**REQUIRED ACTION:**
Where a picture appears in the data below, exclude it; restate everything else word for word.

**DATA EXCERPT:**
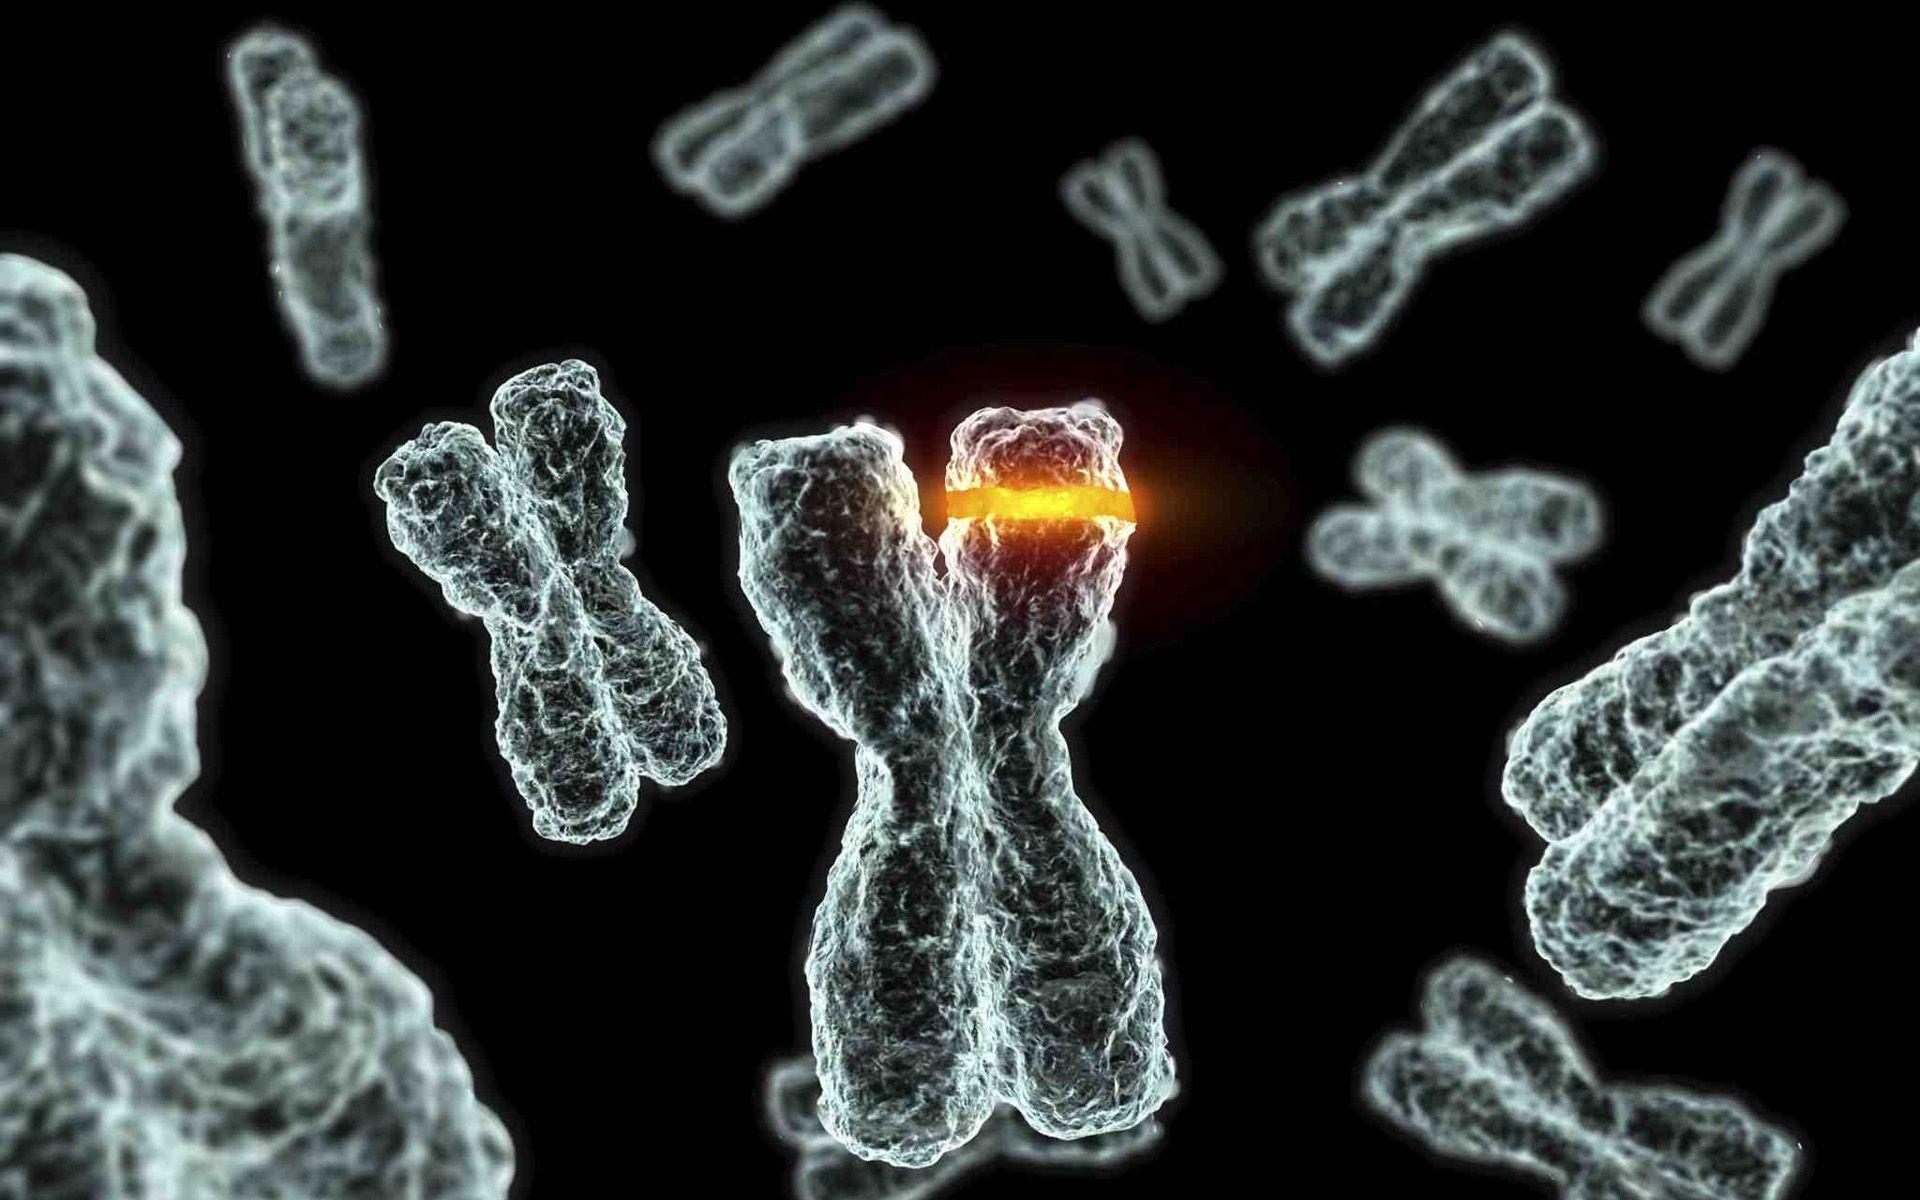 chromosome background
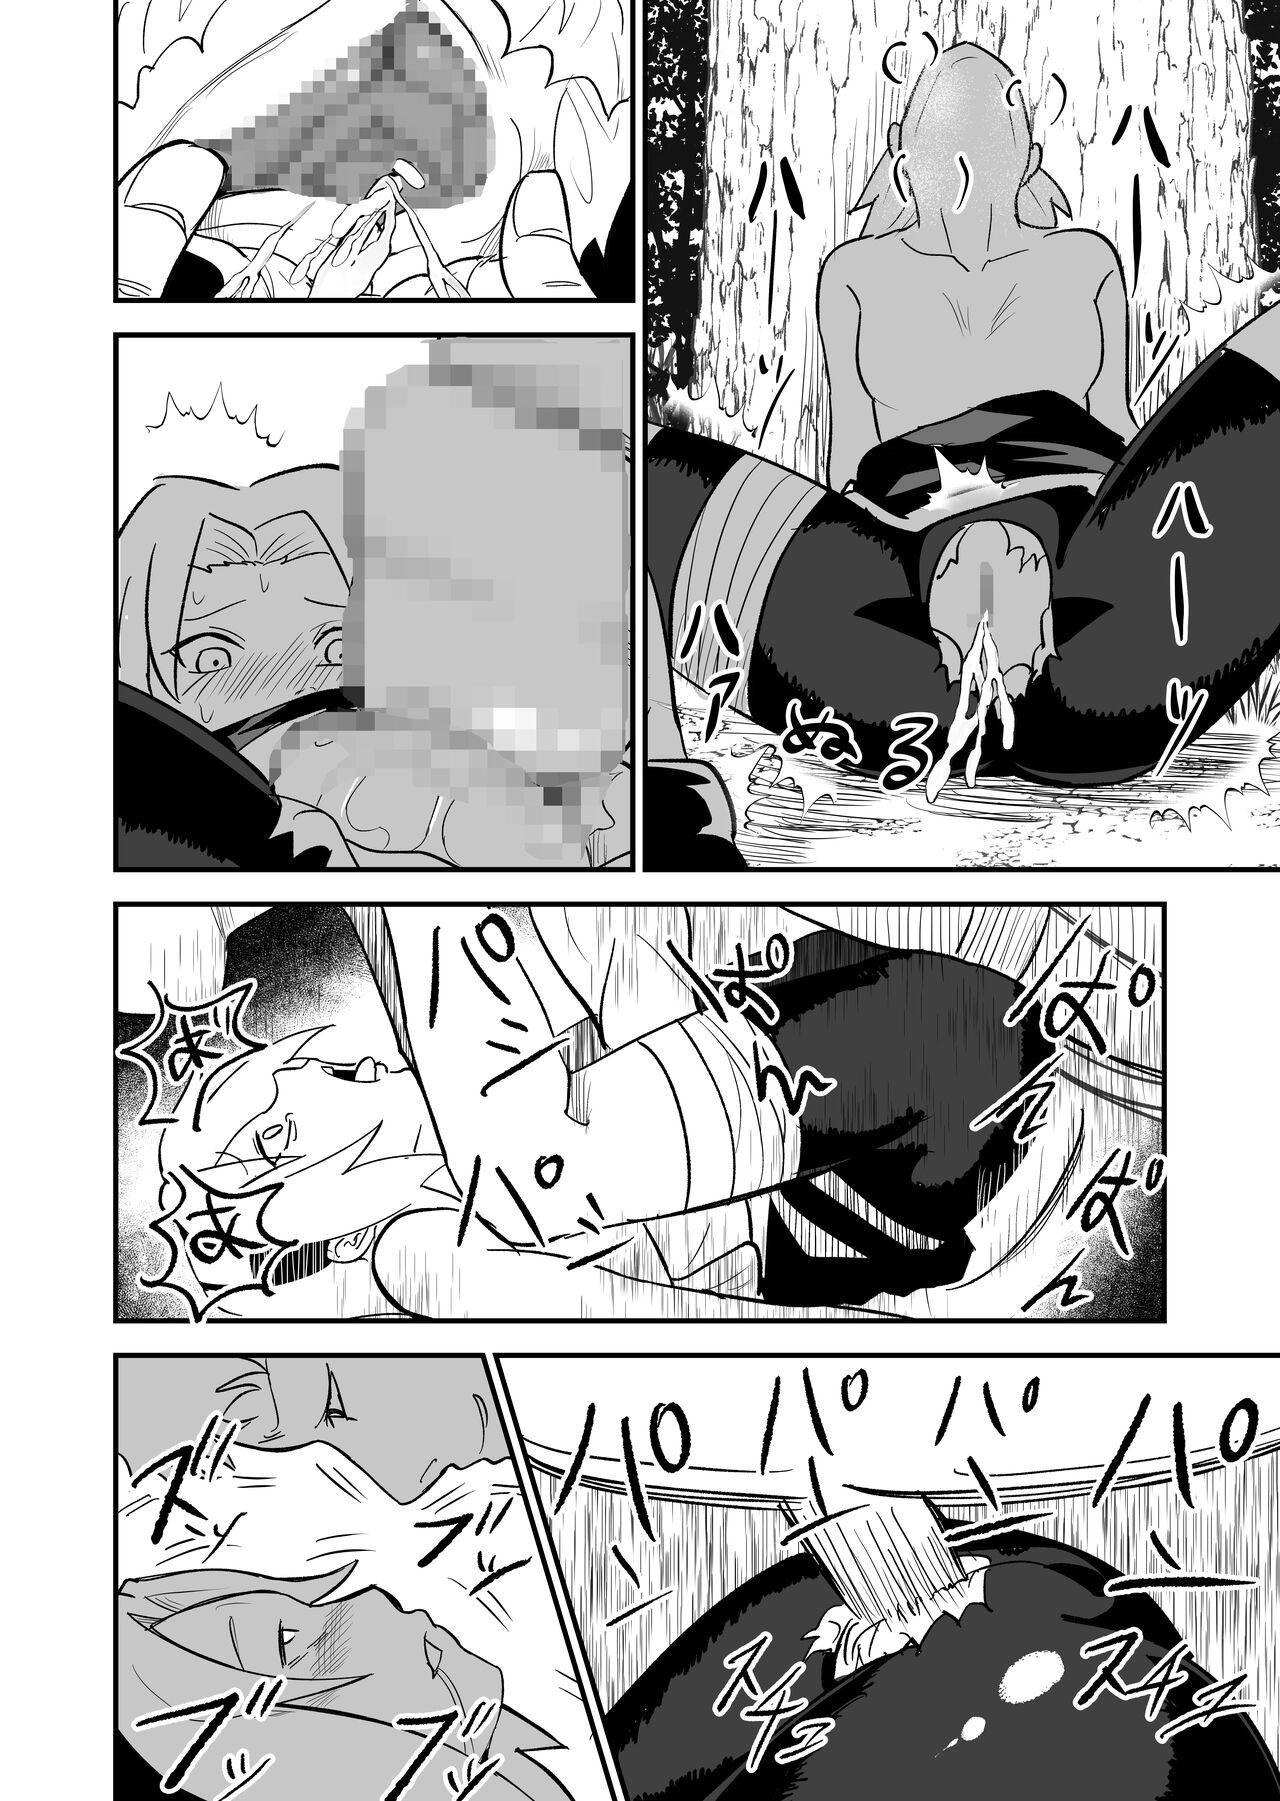 Masterbate 無限月読シリーズ サクラ - Naruto Licking - Page 7
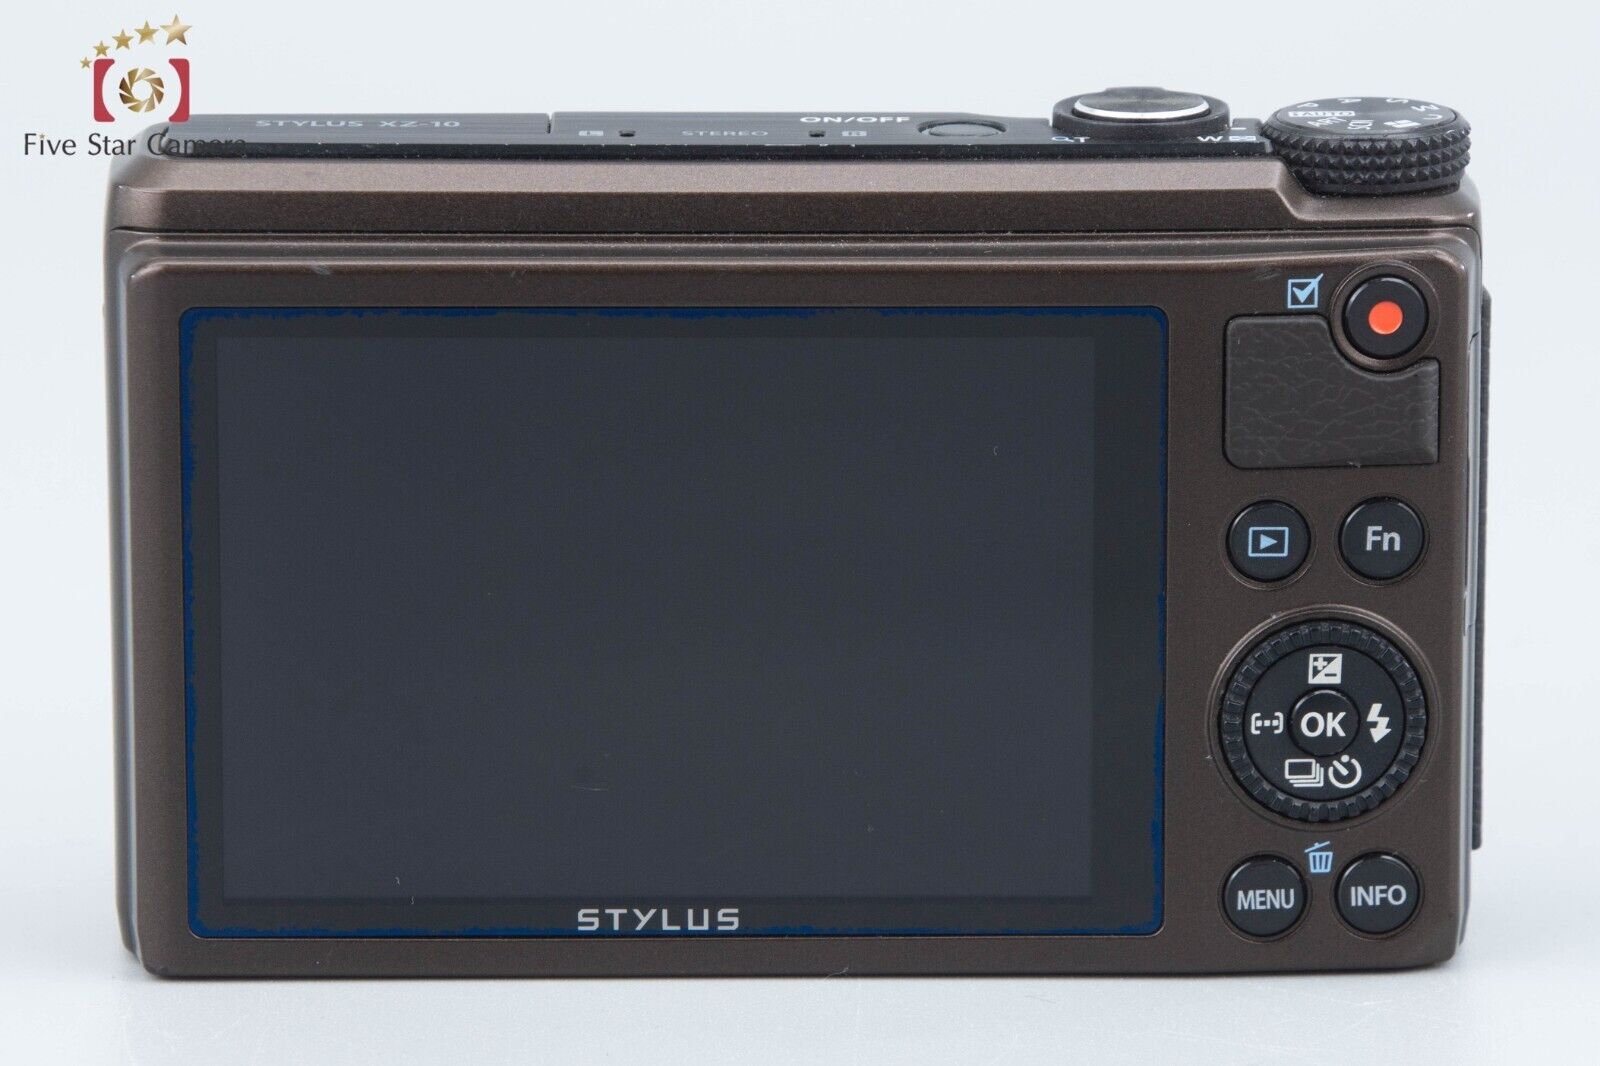 Olympus STYLUS XZ-10 Brown 12.0 MP Digital Camera

**EXERCISE OUTPUT:**
 chromosome background
 Masterbate 無限月読シリーズ サクラ - Naruto Licking - Page 7
 Olympus STYLUS XZ-10 Brown 12.0 MP Digital Camera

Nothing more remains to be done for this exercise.